Ce 5 mars 2026, au siège du Synaposte, les organisations syndicales Synaposte, Sytposte et SNTP ont tenu une conférence de presse afin de faire la lumière sur le protocole d’accord relatif au plan de restructuration du Groupe La Poste.
Selon elles, la journée du 2 septembre 2025 restera une date majeure dans l’histoire du Groupe La Poste. Ce jour-là, le gouvernement du Sénégal avait tenu un Conseil interministériel consacré à la relance stratégique de l’entreprise nationale. À l’issue de cette rencontre, quinze (15) mesures structurantes ont été arrêtées afin d’engager la Poste sur la voie du redressement et de la modernisation.
Parmi ces mesures, le Plan de Départ Négocié Volontaire (PDNV) a été identifié comme un préalable indispensable à la mise en œuvre du plan global de restructuration.
Conscientes des enjeux majeurs pour l’avenir de l’entreprise et la préservation de sa pérennité, les organisations syndicales SYTPOSTE, SYNAPOSTE et SNTP affirment avoir pleinement assumé leurs responsabilités.

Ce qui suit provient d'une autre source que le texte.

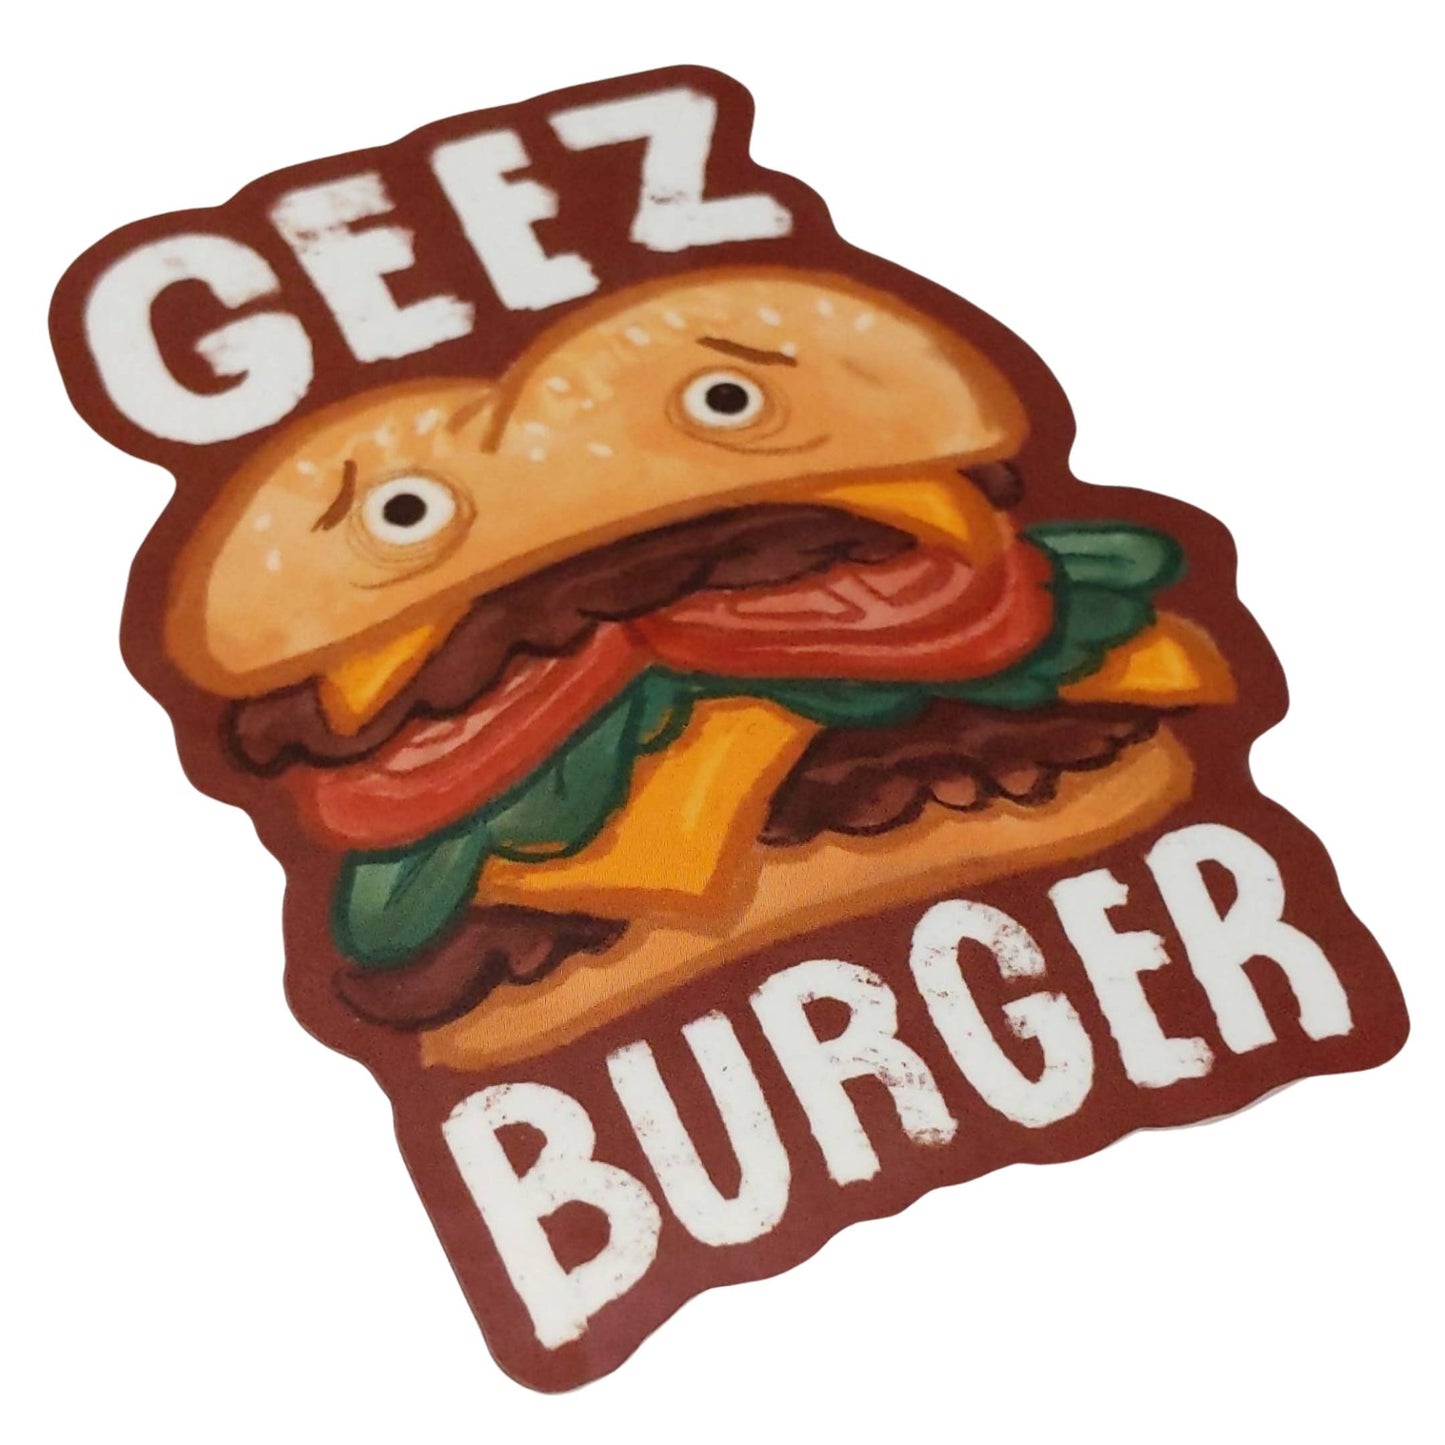 Geez Burger Sticker

Après plusieurs semaines de concertations soutenues, parfois intenses mais toujours guidées par l’intérêt supérieur de l’entreprise, sous l’égide du ministère de la Communication, des Télécommunications et du Numérique et en étroite collaboration avec la Direction générale du Groupe La Poste, les différentes parties sont parvenues à un accord jugé équilibré et responsable.
Cet accord prévoit notamment :
une prime équivalente à 30 mois de salaire brut moyen mensuel, entièrement non imposable ; le versement d’une indemnité de fin de carrière ; le règlement de l’indemnité compensatrice de congés.
« Le processus a été conduit dans un esprit de transparence, d’équité et d’inclusion. Suite à l’appel à candidatures lancé par la Direction générale, les travailleurs ont manifesté leur intérêt conformément aux critères d’éligibilité définis et validés de manière consensuelle », a expliqué Ahmed Diouf, secrétaire général du SNTP.
À ce jour, trois cent onze (311) agents ont été retenus à l’issue de séances de travail entre la Direction générale et les partenaires sociaux, pour un montant global de 3 milliards 71 millions FCFA.
Les agents concernés ont reçu entre 7,5 millions et 50 millions de FCFA, selon leur hiérarchie et leur ancienneté. Ils ont signé leurs contrats en toute liberté et en parfaite connaissance des termes de l’accord, notamment en ce qui concerne les primes de départ et la prise en compte de leur endettement. Le droit de désistement a été respecté jusqu’à la dernière minute, même si la quasi-totalité des candidats a confirmé son engagement.
M. Diouf a également souligné que l’aboutissement de ce volet social n’aurait pas été possible sans une forte volonté politique au sommet de l’État.
À cet égard, les organisations syndicales ont exprimé leur reconnaissance :
au Président de la République du Sénégal ; au Premier ministre, Ousmane Sonko, pour sa vision stratégique ; au ministre de la Communication, des Télécommunications et du Numérique et à son cabinet ; au Directeur général du Groupe La Poste et à ses collaborateurs.
Les syndicats ont également adressé une mention spéciale à l’ensemble des travailleurs du Groupe La Poste, saluant leur résilience et la confiance accordée à leurs représentants syndicaux durant ces mois d’incertitude.
« La signature de ce protocole d’accord ne constitue pas une fin en soi. Elle marque plutôt le point de départ d’une nouvelle dynamique : celle de la renaissance du Groupe La Poste », a affirmé Ahmed Diouf.
Pour sa part, Ibou Faye, secrétaire général du Synaposte, est revenu sur la situation du Groupe La Poste et ses relations avec les partenaires sociaux. Il a interpellé le député Guy Marius Sagna à propos de ses déclarations sur la situation de l’entreprise.
« Je demande au député Guy Marius Sagna d’arrêter ses allégations. Les informations qu’il donne sur la situation du Groupe La Poste sont, pour la plupart, fausses. Je lui conseille de bien s’informer avant d’en parler au public », a-t-il déclaré.
En conclusion, le secrétaire général du SNTP a appelé le gouvernement à mettre en œuvre rapidement les quatorze (14) autres mesures du plan de relance, estimant que la pérennité de l’entreprise en dépend.
« Nous informons également l’opinion nationale qu’une seconde vague de départs volontaires est envisagée dans les prochains mois afin de finaliser ce processus de redressement », a conclu Ahmed Diouf.